In this article, we’ll explore three steps that can help you avoid the worst of the problems that can occur in such an inter-connected environment. 

Step 1: Deploy middleware 

With the proliferation of specialized systems that each excel in their respective niches, the monolithic approach to business systems is dead. You will never be able to find a single enterprise application that has a better embedded social experience than Facebook, better CRM than SalesForce, better email distribution than MailChimp, better support for finding new talent than LinkedIn, and better user management than Active Directory. 

You need to use leading edge applications and services that provide best-of-breed experiences for your staff and your customers, and this necessitates the use of multiple systems to accomplish your business goals.  

A lack of connectivity and data sharing across applications leads to costly and error-prone manual processes, such as having your staff updating data by hand in multiple systems. Given that bad data is the leading cause of application defects and failures, and that duplicate data is a leading cause of data integrity issues, this can cause problems that do not become apparent until much later on, when it can be difficult to identify the source of the issue, and to identify which of the conflicting data sets is correct, and to manually resolve the data issues in the various systems. 

In short, a lack of connectivity across your applications costs your business money, and degrades your customers’ experience when errors happen. Worse case, the customer goes elsewhere, costing you future revenue as well. 

A typical path for an organization to take is to avoid this is to leverage the application programming interfaces (APIs) available from the various systems that make up their IT landscape. Often, organizations engage vendors to customize their various applications to include reading from and/or writing to APIs from other systems in the ecosystem. This however causes a number of problems. 

First of all, without middleware, each of the applications will need to be modified to support the various communication protocols supported by the other applications with which it needs to communicate. Some of these APIs use SOAP, some REST, some TCP-IP, some use file transfers, JMS, or FTP; some use straight HTTP and HTML, others use local DLLs or .Net assemblies.
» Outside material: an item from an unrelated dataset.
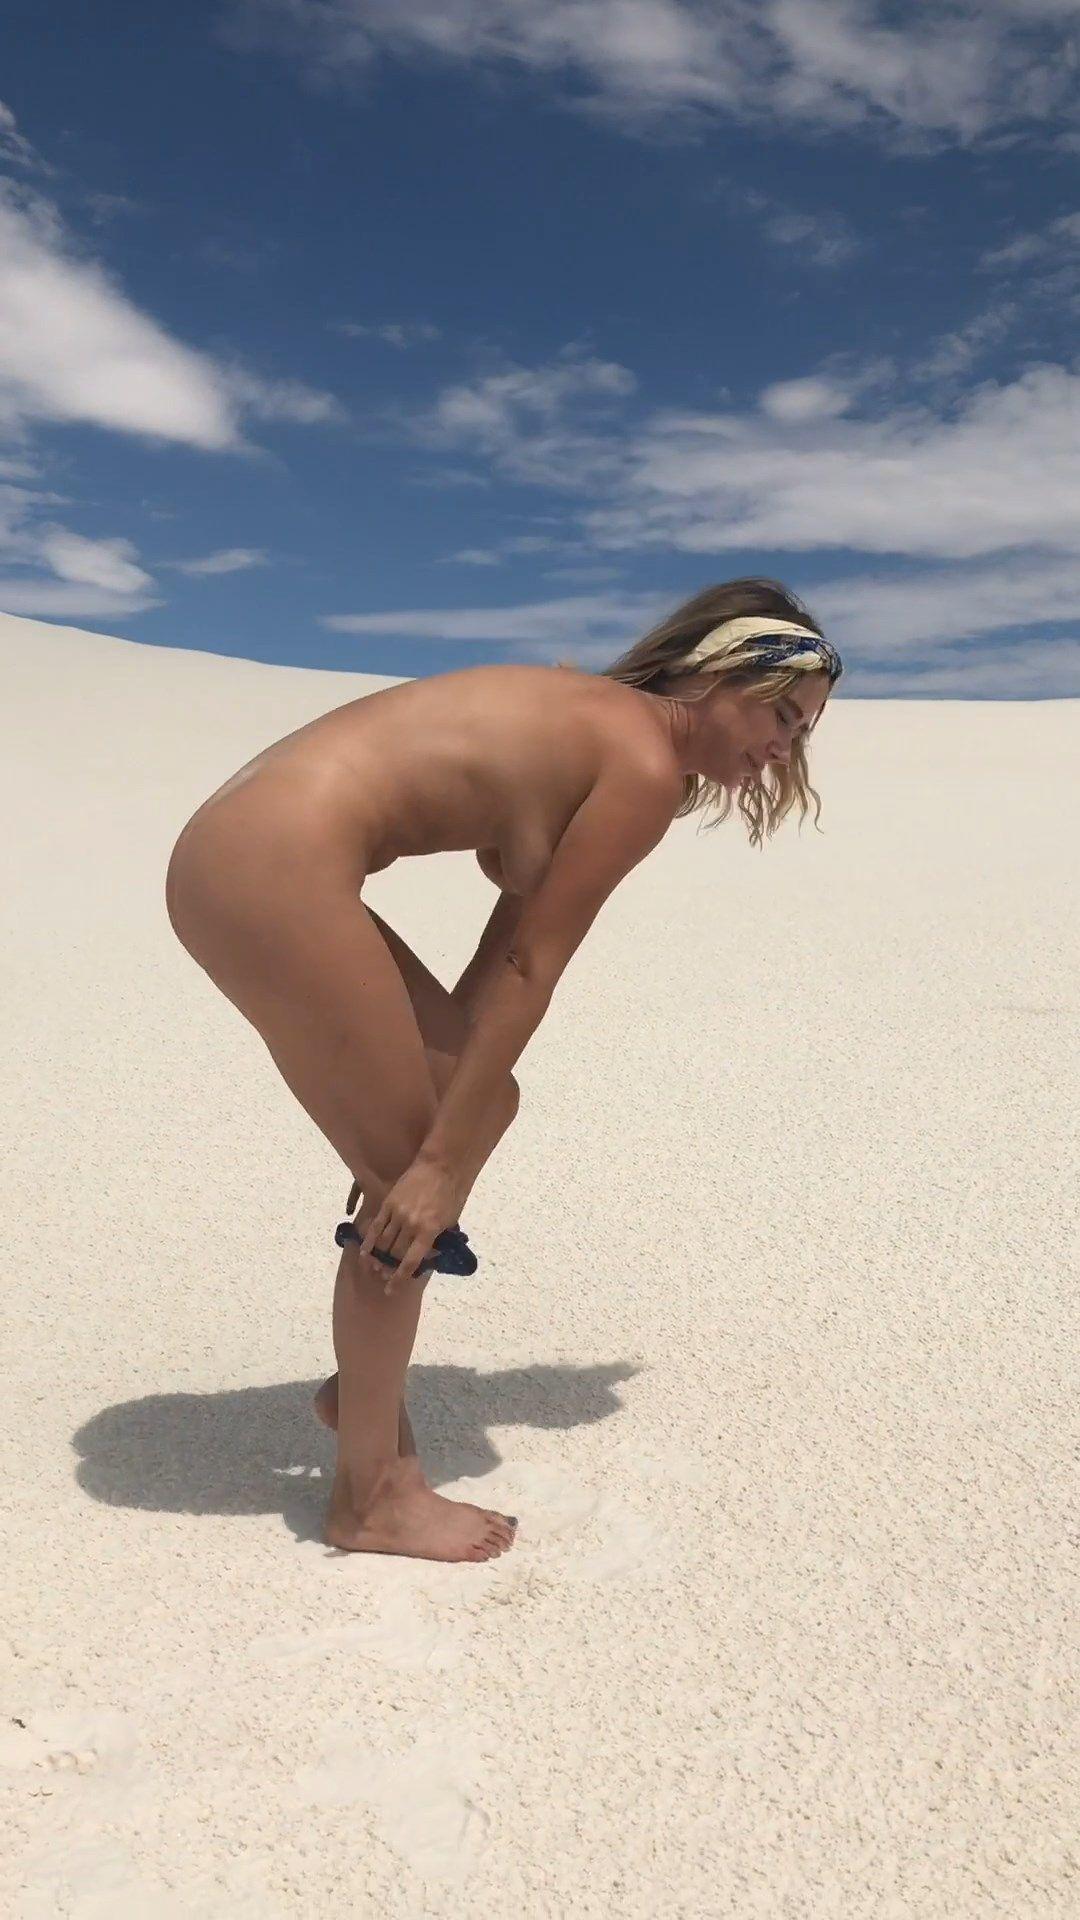 Leaked Sara Jean Underwood nudes (86 foto and video), Pussy, Paparazzi, Feet, legs 2020

Without middleware, each of the applications will need to be modified to support each of the protocols required by each of the applications to which it needs to connect. This is a costly and risk-filled exercise. 

Secondly, once the applications are modified to consume one-another’s APIs, a frailty is introduced by this tight-coupling. When system A needs information from system B and system B is not available, has crashed, been taken offline for service, etc., then system A is unable to complete its tasks and also fails. Because systems C, D and E also communicate with system B, those systems also become unavailable. This results in your IT department “rebooting the entire enterprise” when a system failure occurs, which can be tremendously disruptive, not only to your staff that is trying to use these systems to perform their jobs, but also to your IT staff, who are constantly fire-fighting rather than working on your new initiatives. 
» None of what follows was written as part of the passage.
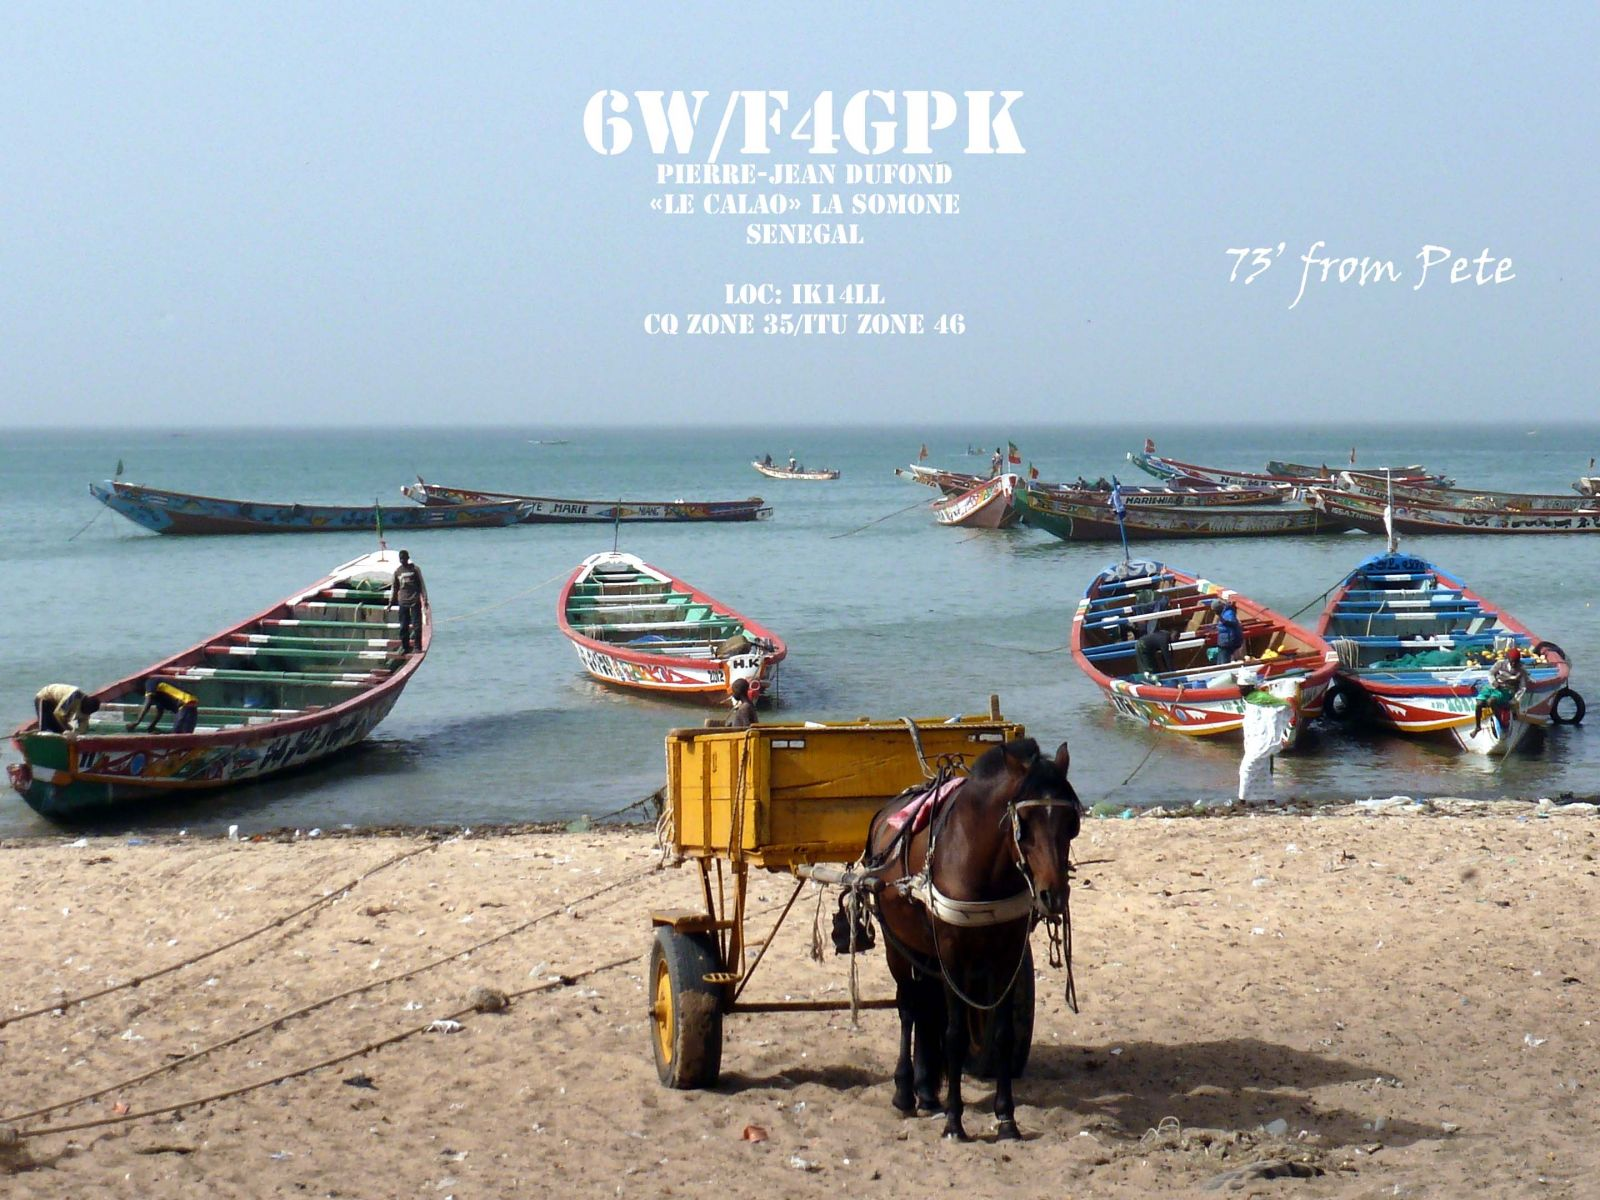 Senegal 6W/F4GPK

By introducing a middleware messaging system, point-to-point communications can be eliminated, and even outlawed as an unacceptable enterprise architecture principle. The best and most reliable infrastructures leverage a middle tier that is able to shield applications from the failures of others, provide a single point of reference for troubleshooting issues between applications and identifying root failure causes, and adapt protocols so that in most cases, existing applications don’t need to be modified to support communications with one another. 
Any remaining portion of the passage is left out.